On Tue, Jun 26, 2012 at 7:22 AM, Anthony Webster <awebster at siu.edu> wrote:

> Apparently, prior to literacy, Harrison memorized his cell phone numbers!
> Literacy does not "make" you "lazy." Harrison seems to be ignoring a great
> deal of research on the interconnections between orality and literacy.
> Memorization, for example, has co-existed with literacy (there are a number
> of religious examples of this). Literacies are social practices.
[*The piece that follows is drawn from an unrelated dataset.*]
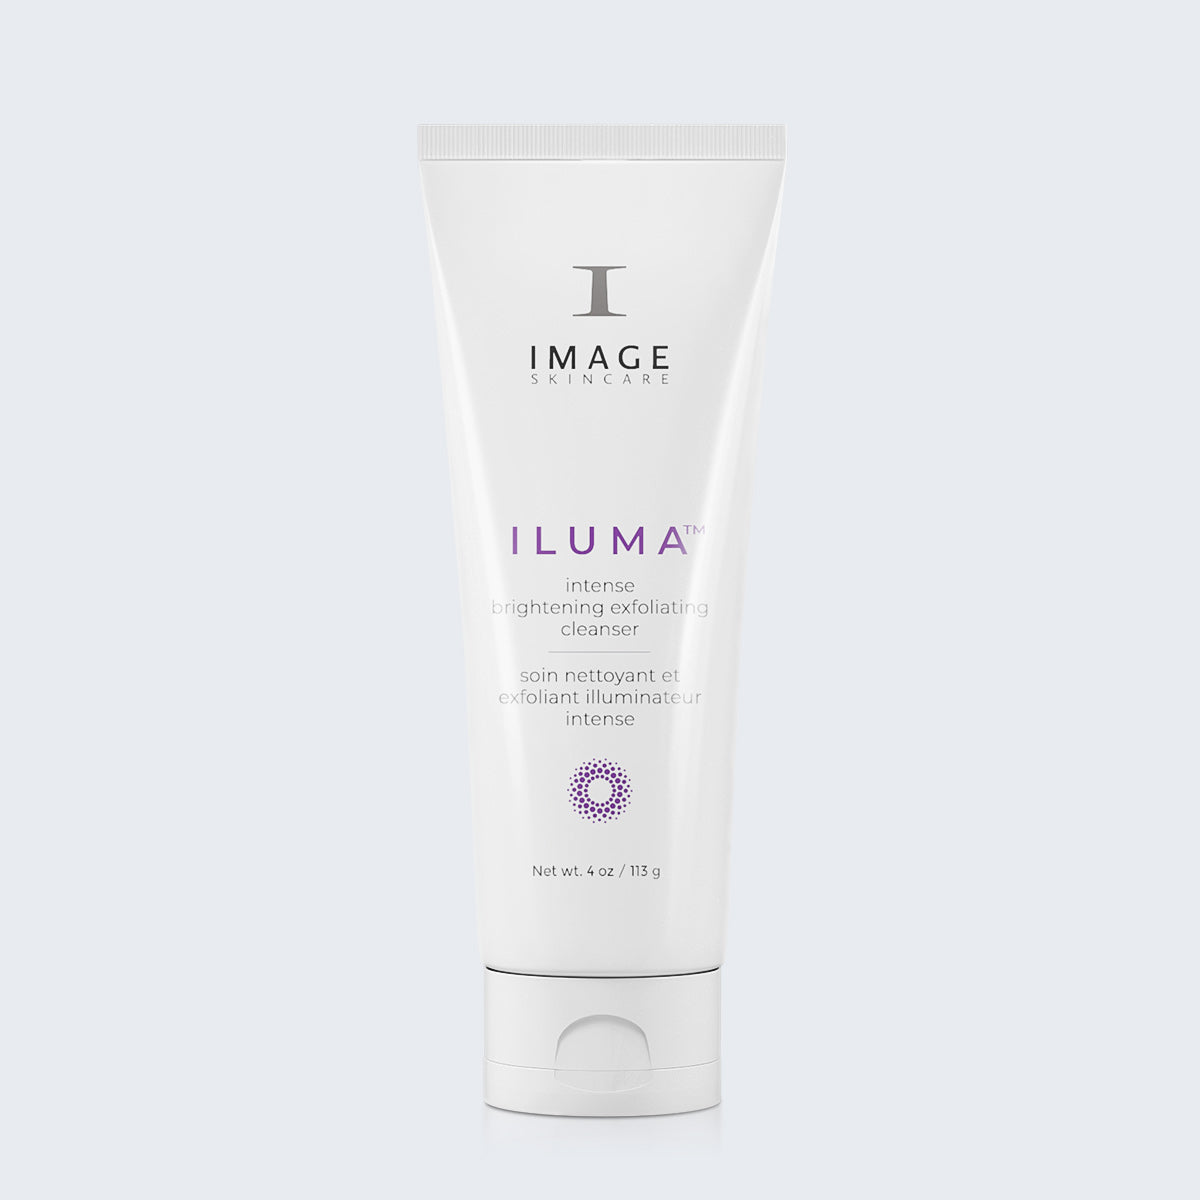 IMAGE | ILUMA Intense Brightening Exfoliating Cleanser (4 oz)

We should
> be suspicious of claims of technological determinism. akw
>
>
> On Mon, Jun 25, 2012 at 10:21 PM, Phillip E Cash Cash <
> cashcash at email.arizona.edu> wrote:
>
>> “Literacy Makes You Lazy”: Saving Endangered Languages
>>
>> Posted by Brian Clark Howard of National Geographic News on June 25, 2012
>> US
>>
>> “Literacy makes you lazy: we don’t memorize 10,000-word epic poems any
>> more,” David Harrison, the director of research for the Living Tongues
>> Institute for Endangered Languages, told an audience at the Aspen
>> Environment Forum in Colorado this past weekend.
>>
>> “I don’t even memorize cell phone numbers any more,” said Harrison, a
>> linguist who studies many of the world’s disappearing languages.
>>
>> Harrison’s group has been featured in National Geographic, and his
>> team formed a five-year joint project with NG, Enduring Voices, to
>> study some of the most important endangered language “hotspots” around
>> the world. Harrison is also an NG fellow.
>>
>> Access full article below:
>>
>> http://newswatch.nationalgeographic.com/2012/06/25/literacy-makes-you-lazy-saving-endangered-languages/
>>
>
>
>
> --
> Anthony K. Webster, Ph.D.
> Associate Professor
> Director of Graduate Studies, Department of Anthropology
> Native American Studies Minor
> MC 4502
> Southern Illinois University at Carbondale
> Carbondale, IL 62901
> 618-453-5019
>
> http://cola.siuc.edu/undergraduate/CollegeofLiberalArtsNativeAmericanStudies.html
>
> Dream other dreams, and better!
>                                  Mark Twain
>
>


-- 
*

"Think not forever of yourselves... nor of your own generation.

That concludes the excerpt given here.